WORK INSTRUCTION:
Without pictures, return the lines from the one containing "Smiling senior couple" through the last line of the data below, exactly.

DATASET CONTENT:

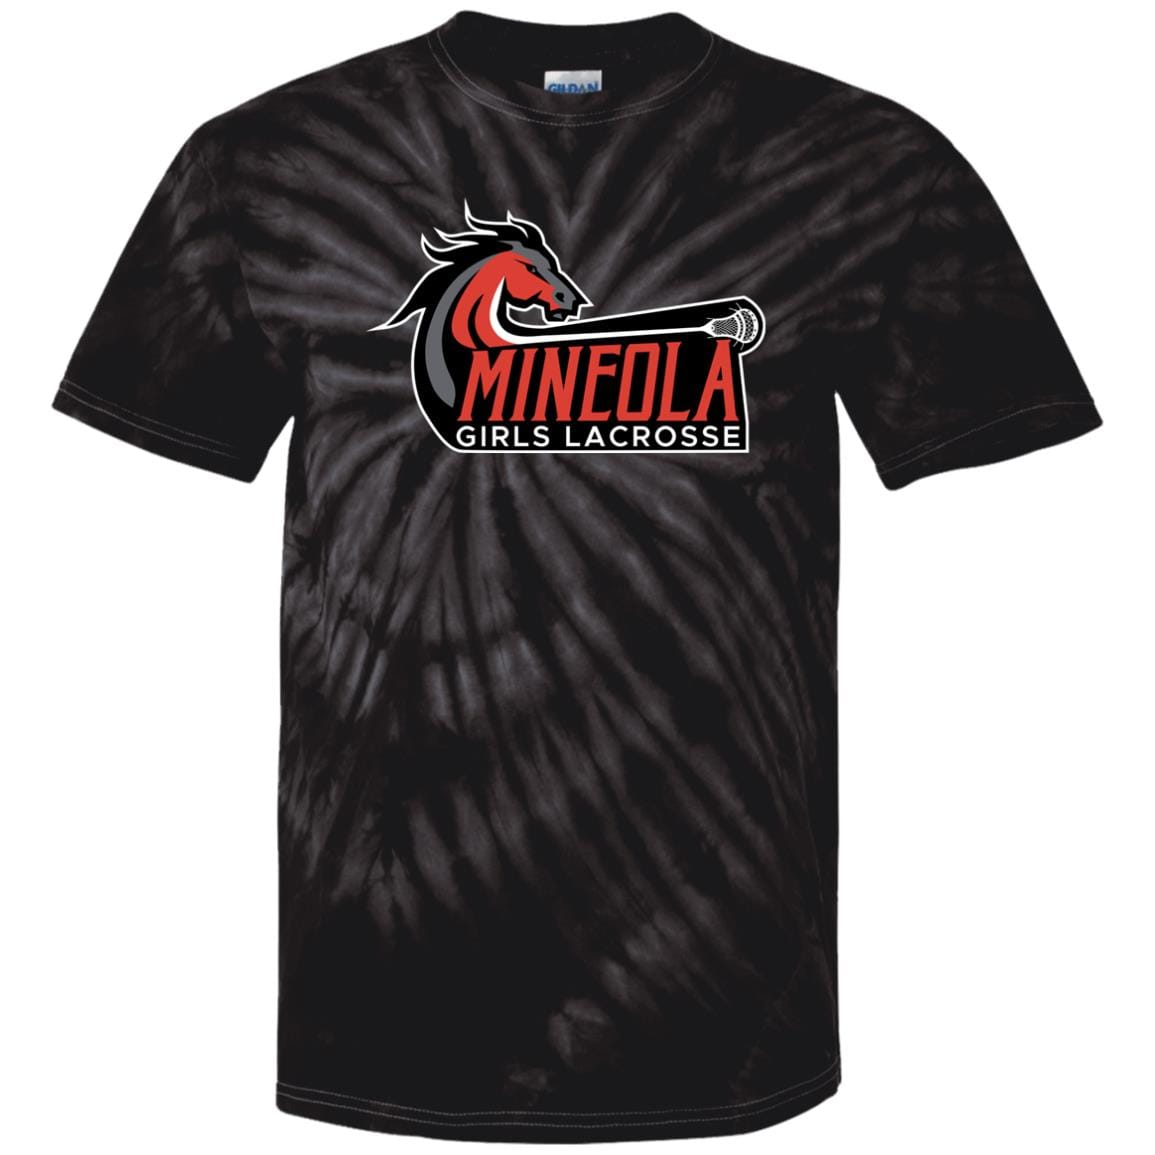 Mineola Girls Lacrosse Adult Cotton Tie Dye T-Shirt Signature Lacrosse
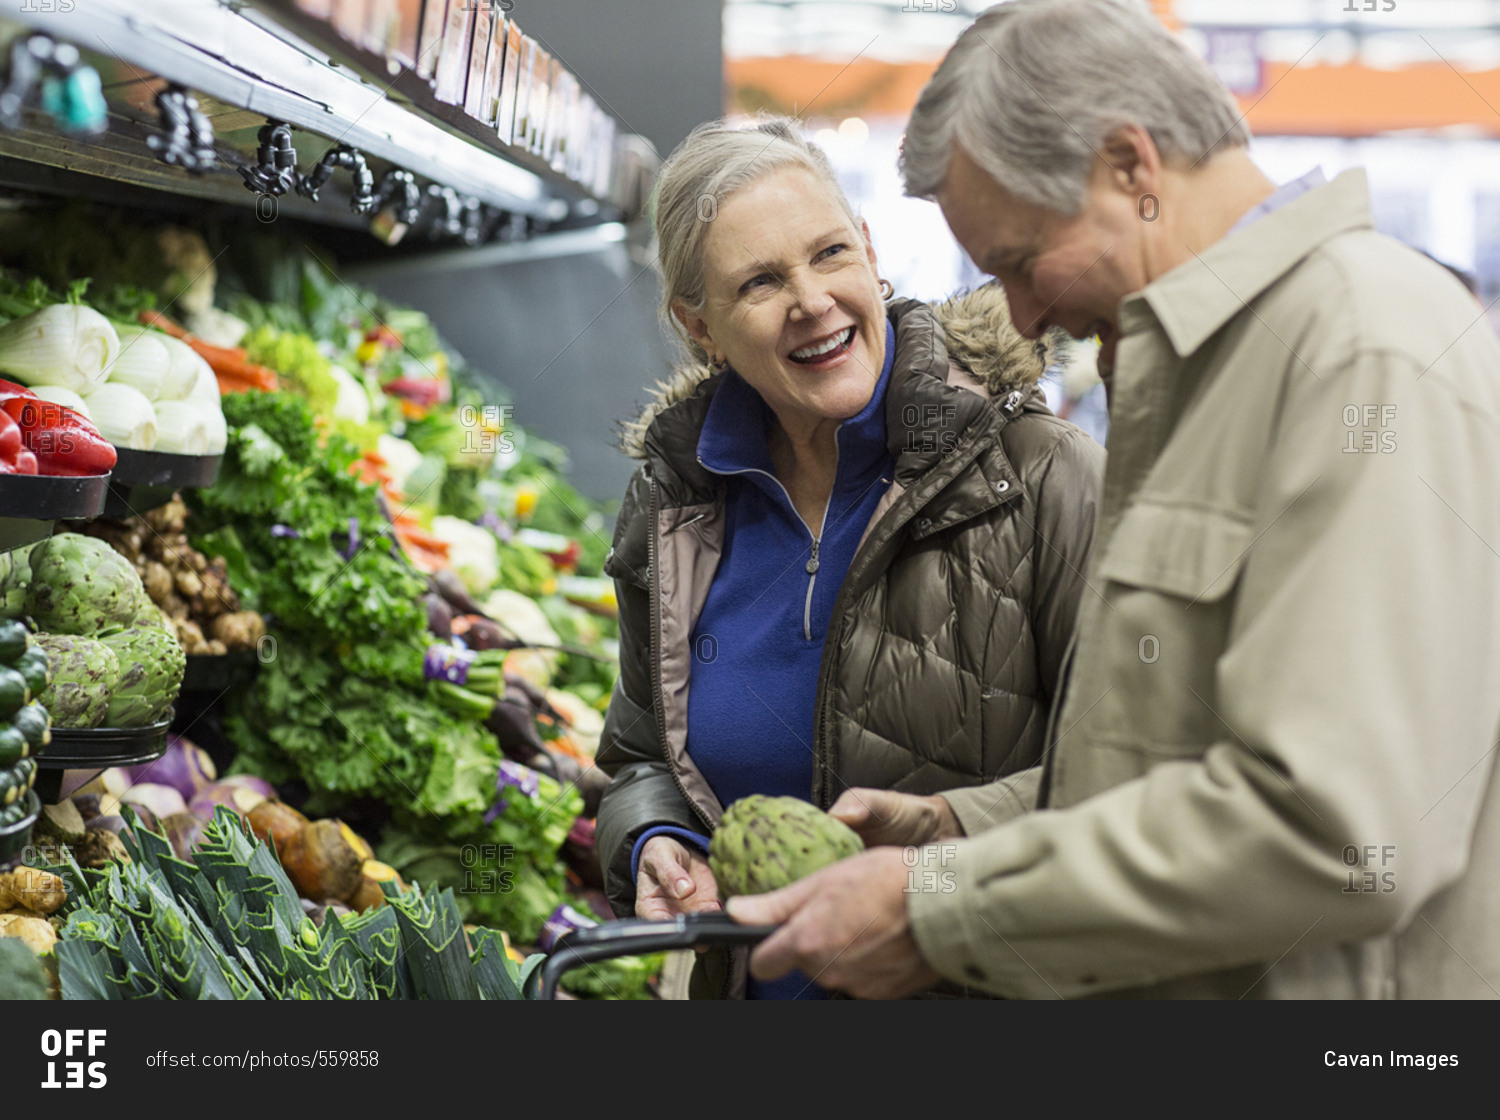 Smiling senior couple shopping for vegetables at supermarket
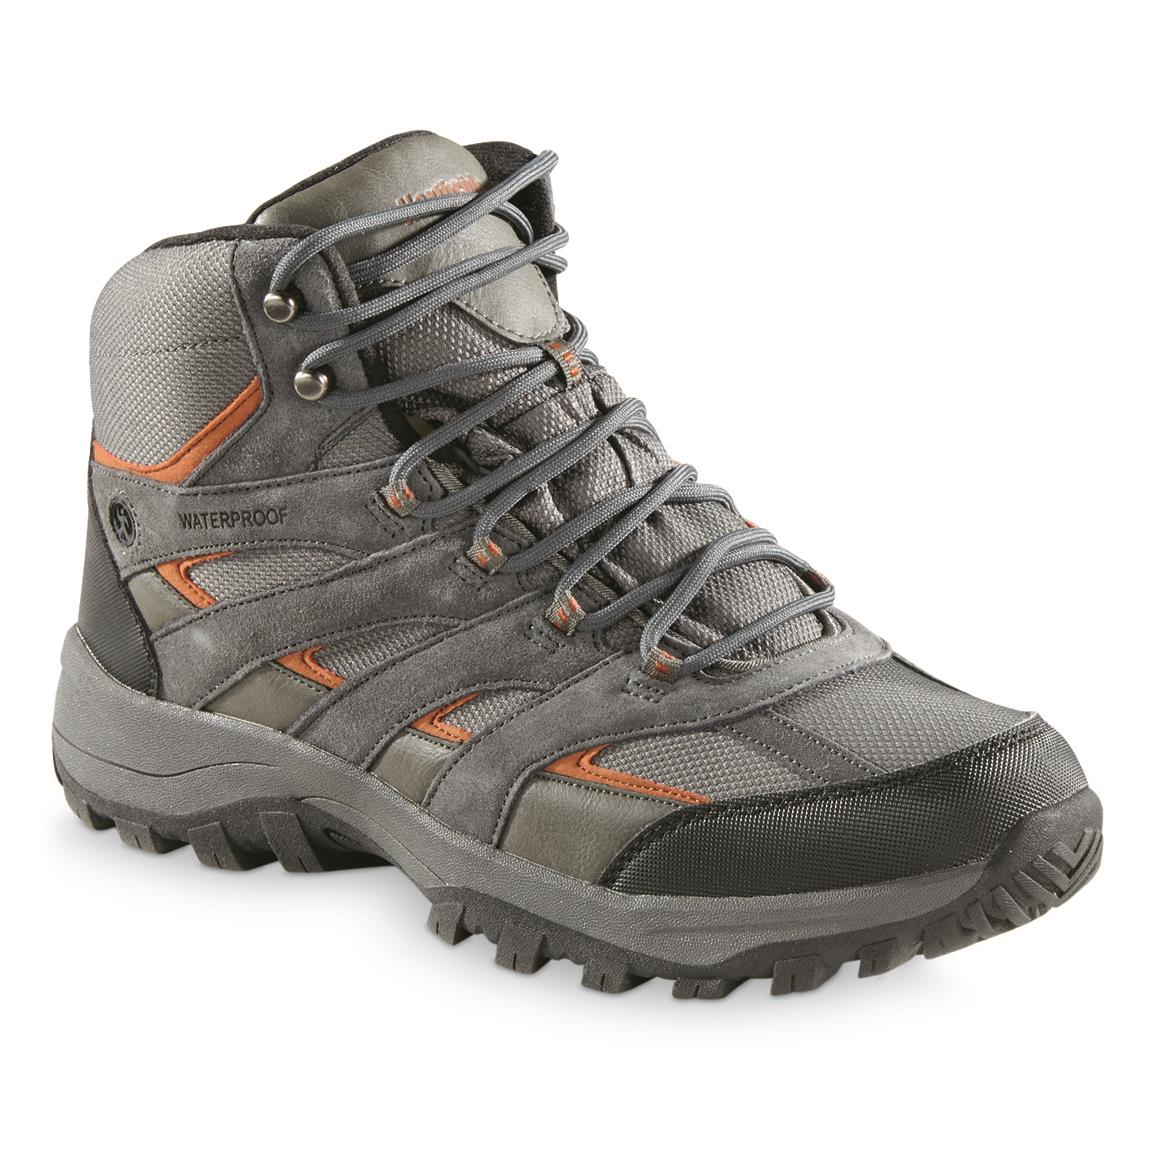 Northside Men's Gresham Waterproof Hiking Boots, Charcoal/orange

ANSWER BOX:
 Smiling senior couple shopping for vegetables at supermarket
 Northside Men's Gresham Waterproof Hiking Boots, Charcoal/orange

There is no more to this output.